3.5. Simple Sequence Repeats

Simple sequence repeats (SSRs), which are also referred to as microsatellites, were found to be spread throughout both genomes. Indeed, the cp genomes of E. cymosa and E. obtusifolia comprised 141 SSRs and 139 SSRs, respectively (Tables S8 and S9). In the cp genome of E. cymosa, most of the SSRs were mononucleotides (93.61%), with the highest frequency (98.48%) of A/T motif, followed by C/G (1.52%) (Table 2). In addition, the cp genome of E. cymosa contained one dinucleotide (AT/AT), one trinucleotide (AAG/CTT), two tetranucleotides (AAAC/GTTT and AAAT/ATTT), and one pentanucleotide (AATCC/ATTGG). Similarly, in the cp genome of E. obtusifolia, most of the SSRs were mononucleotides (93.52%), with the highest frequency (98.45%) of A/T motif, followed by C/G (1.55%) (Table 2). The cp genome of E. obtusifolia also contained one dinucleotide (AT/AT), one trinucleotide (AAG/CTT), two tetranucleotides (AAAC/GTTT and AAAT/ATTT), and one pentanucleotide (AATCC/ATTGG).
A comparative analysis of the SSR types was performed using the other Ehretia species available in the GenBank database (E. acuminata, E. dicksonii, and E. longiflora). The results showed that the SSR types ranged from mononucleotide to pentanucleotide repeats (Figure 6). In this regard, mononucleotide, dinucleotide, trinucleotide, and tetranucleotide repeats were detected in all the genomes, whereas pentanucleotide repeats were absent from E. acuminata and E. dicksonii (Figure 6).

3.6. Comparative Analysis

The IR/LSC and IR/SSC borders in the chloroplast genomes of E. cymosa and E. obtusifolia were compared with those of the other Ehretia species available in the GenBank database (E. acuminata, E. dicksonii, and E. longiflora). The results revealed similarities between the cp genomes of the five species (Figure 7). E. longiflora had the largest cp genome (156,802 bp), followed by E. dicksonii (156,623 bp), E. acuminata (156,481 bp), E. cymosa (156,328 bp), and E. obtusifolia (155,961 bp). The IR regions were 25,781 bp in size in E. cymosa, 25,798 bp in E. obtusifolia, 25,797 bp in E. acuminata, 25,810 bp in E. dicksonii, and 25,852 bp in E. longiflora. Moreover, the lengths of the LSC and SSC regions were 86,624 bp and 18,142 bp, respectively, in E. cymosa; 86.211 bp and 18,154 bp, respectively, in E. obtusifolia; 86,720 bp and 18,167 bp, respectively, in E. acuminata; 86,853 bp and 18,150 bp, respectively, in E. dicksonii; and 87,019 bp and 18,079 bp, respectively, in E. longiflora (Figure 7).
Furthermore, the rps19 gene was found between the IRb/LSC regions of all five Ehretia species (Figure 7). The ycf1 gene was found at the boundary of the IRb/SSC regions in all the species: 1063 bp/13 bp in E. cymosa, 1064 bp/12 bp in E. obtusifolia, 1054 bp/13 bp in E. acuminata, 1061 bp/15 bp in E. dicksonii, and 1105 bp/31 bp in E. longiflora. Additionally, the ycf1 gene was also found at the boundary of the IRa/SSC regions in all the species: 4385 bp/1063 bp in E. cymosa, 4384 bp/1064 bp in E. obtusifolia, 4391 bp/1054 bp in E. acuminata, 4387 bp/1061 bp in E. dicksonii, and 4337 bp/1105 bp in E. longiflora. The ndhF gene was only found in the SSC regions of all the taxa (Figure 7). No genes were located at the boundary of IRa/LSC. trnH and psbA genes were found entirely within the LSC region in both species.

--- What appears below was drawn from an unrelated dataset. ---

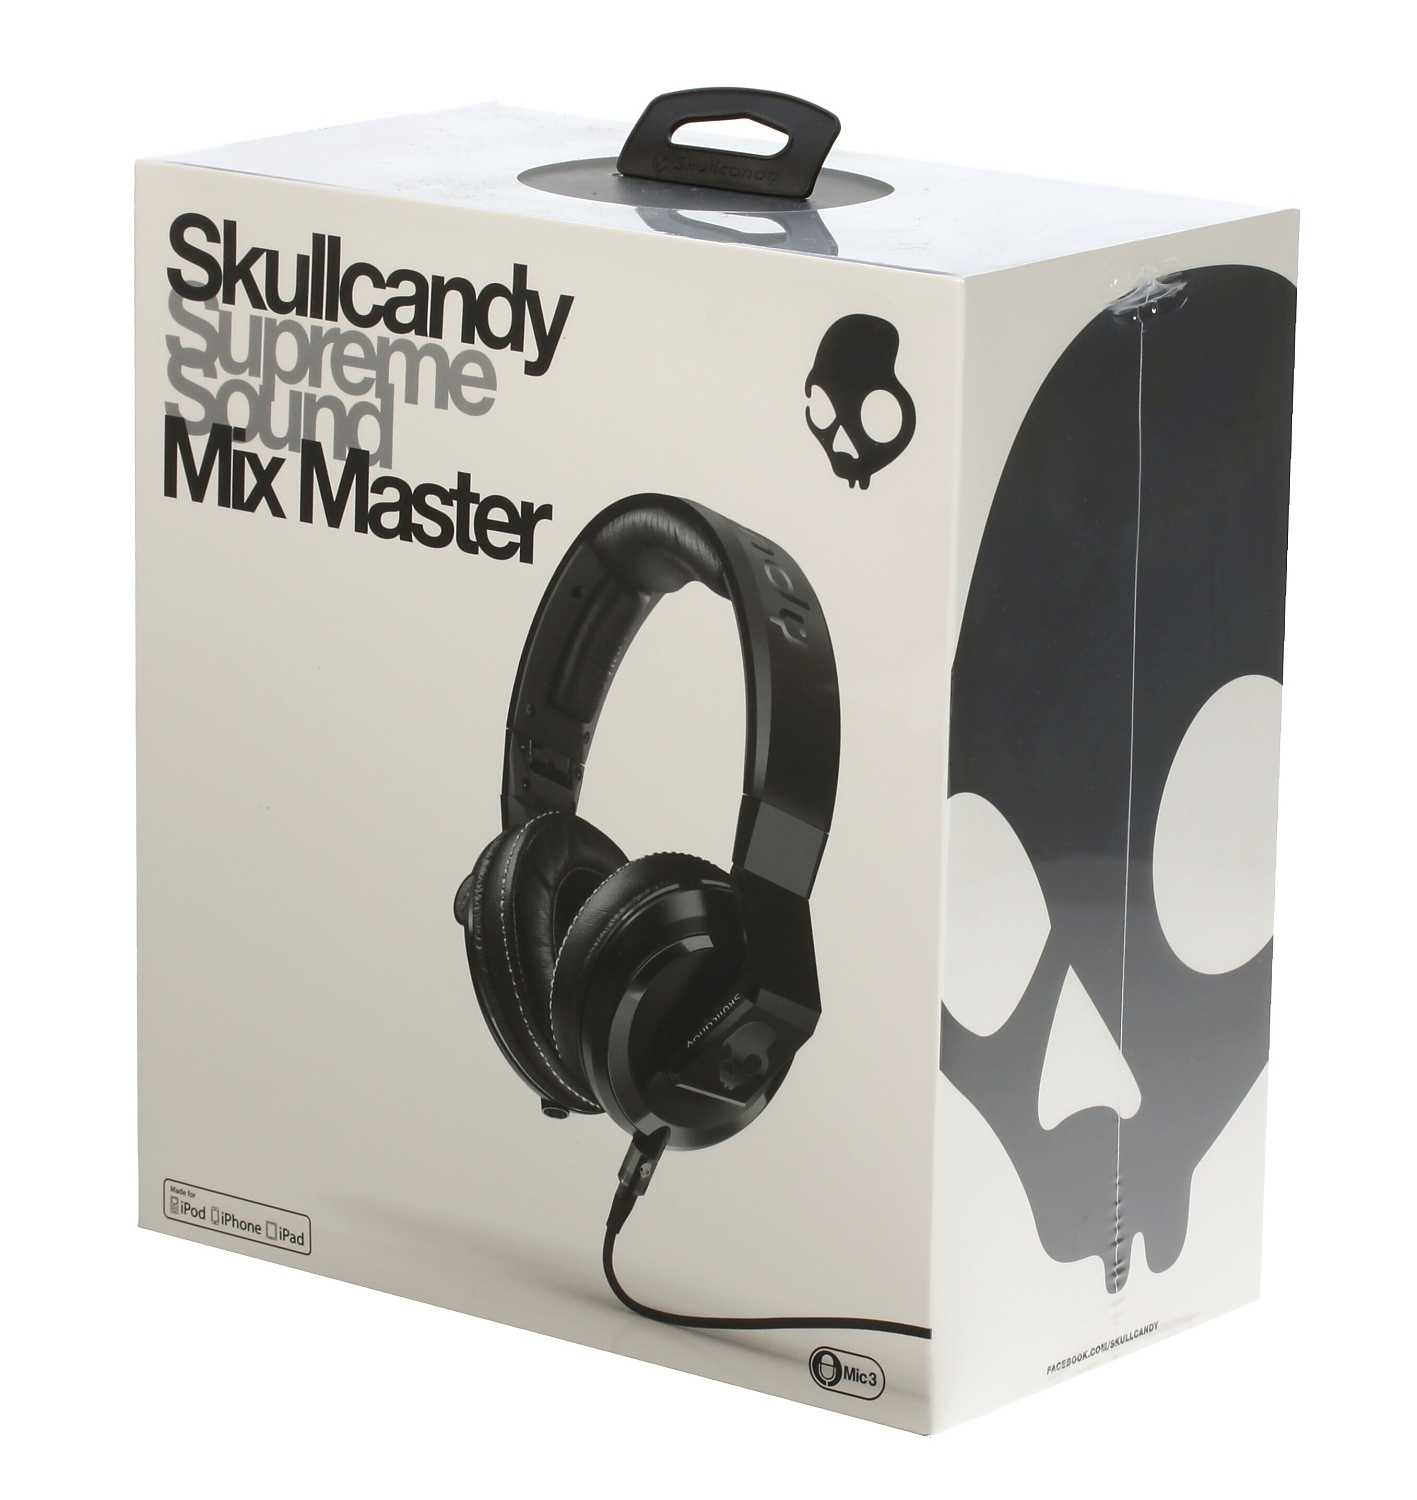 Skullcandy mix master dj

3.7. Divergence of Protein-Coding Gene Sequence

To identify the sequence divergence regions, the five Ehretia chloroplast genomes were compared using the E. cymosa genome as a reference (Figure 8). The results showed that all genomes were highly conserved, although a number of variable regions were also identified. More variations were observed in the non-coding regions than in the coding regions, while the majority of the divergences were found in the LSC regions (Figure 8). The psbA, matK, atpA, rpoC2, rpoB, rbcL, ndhD, and ycf1 genes showed the most divergence within the coding regions (Figure 8). These divergence markers can be used to clarify the evolutionary relationships within Ehretiaceae.

3.8. Characterization of the Substitution Rate

The rates of nonsynonymous/synonymous (dN/dS) substitutions were computed within the protein-coding sequences of E. cymosa and E. obtusifolia to evaluate the selective pressure. The results indicated that the dN/dS ratios were <1 for all the genes in E. cymosa vs. E. obtusifolia, except for the ycf3 and ycf15 genes, which had a dN/dS ratio of 1.6 and 1.03, respectively (Figure 9). The dS substitution values of all the genes ranged from 0 to 0.61 (Figure 9).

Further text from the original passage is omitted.